Critical batch size in ML training

Seunghyun Seo @SeunghyunSEO7 2025-01-09

The concept of critical batch size is quite simple.

Let’s assume we have a training dataset with 1M tokens. If we use a batch size of 10, we can update model param 100,000 times. On the other hand, if we increase the batch size to 100, the step size decreases to 10,000 (1/n).
With a larger batch size, we use more samples to estimate the averaged gradient for each update, which can produce more accurate gradients by reducing variance and bringing the sample mean closer to the true gradient. (2/n)
However, this comes at the cost of fewer opportunities to improve the model parameters (step size is reduced). To reach a certain level of convergence, the LR must be adjusted accordingly, often scaled by \sqrt(n) or n when increasing the batch size by a factor of n (3/n)
But what happens if we increase the batch size to an extreme value, like 10,000? In this scenario, the number of updates drops drastically to just 100. Beyond a certain point (e.g., 1,000 or 2,000), the improvement in the averaged gradient diminishes as batch size increases.(4/n)
This certain point is critical batch size.

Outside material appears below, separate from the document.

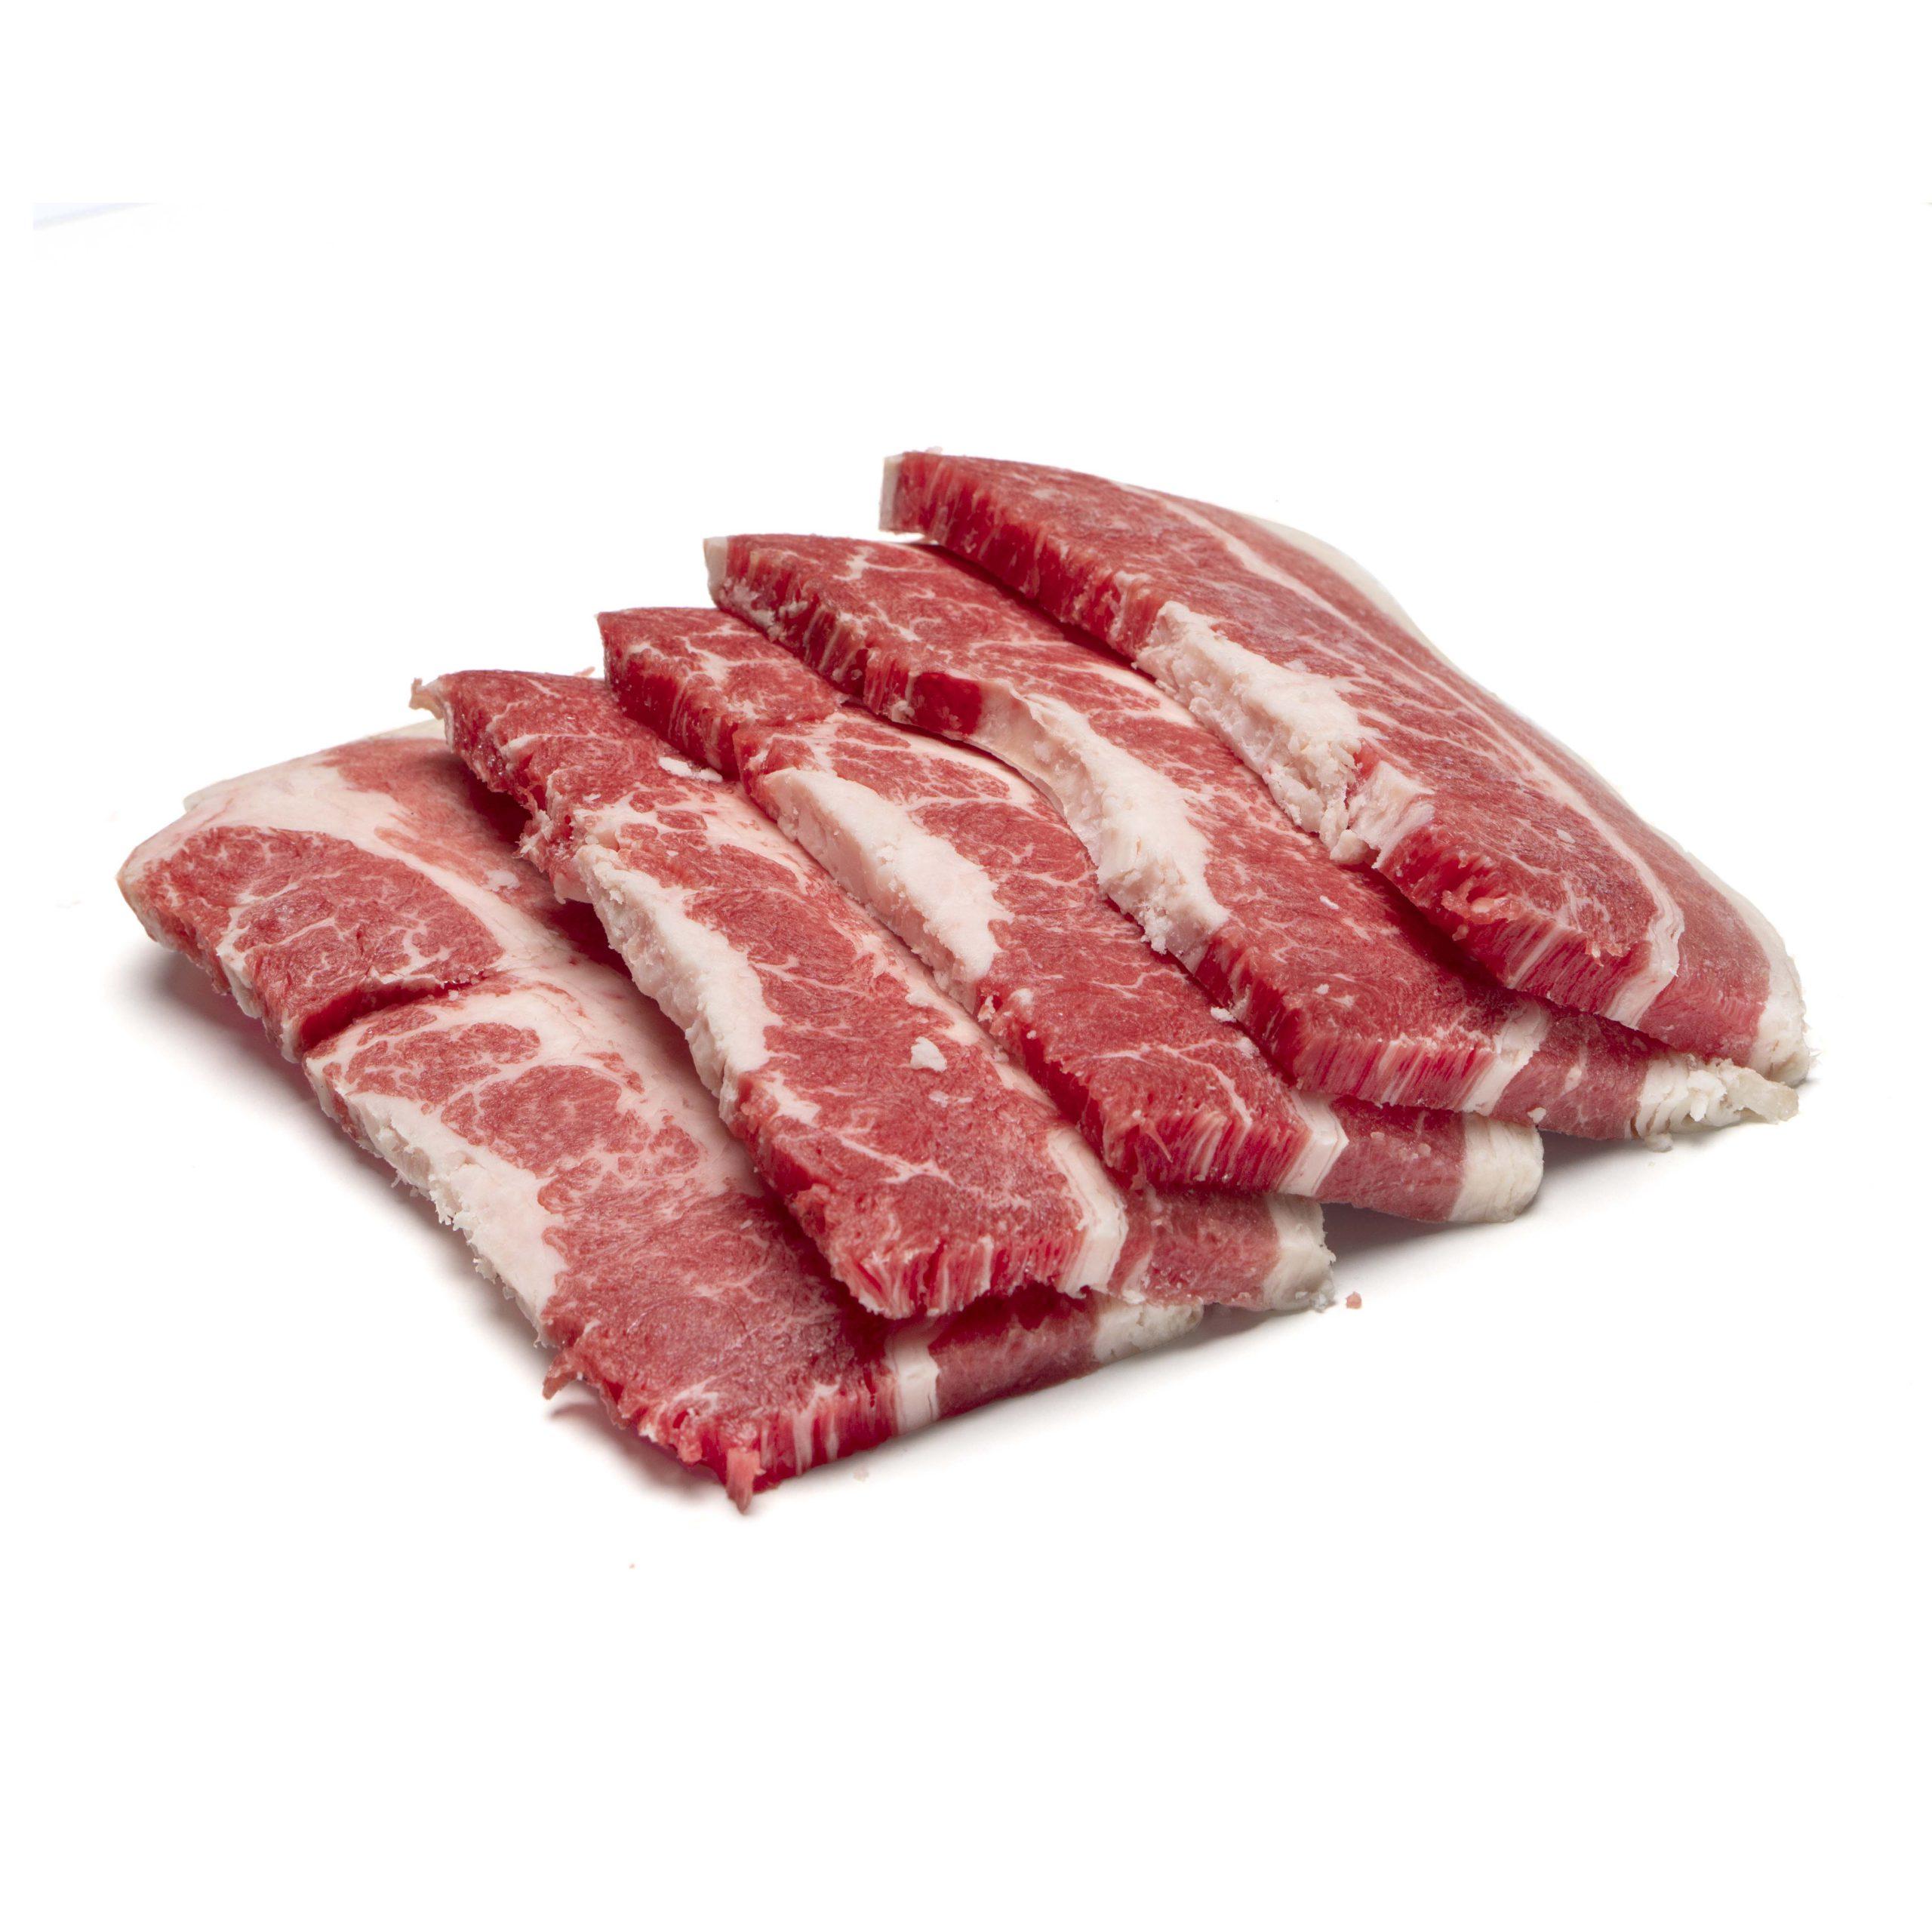 Ba chỉ bò cắt nướng 3

In such cases, more parallelization (increasing batch size) becomes ineffective, as achieving convergence would still require a minimum number of parameter updates (e.g. at least 1,000) because gradient will not be improved anymore (5/n)
In this case, increasing batch size becomes wastes of training tokens. and you can’t even scale LR to compensate decrease step size because of the overshoot problem. (6/n)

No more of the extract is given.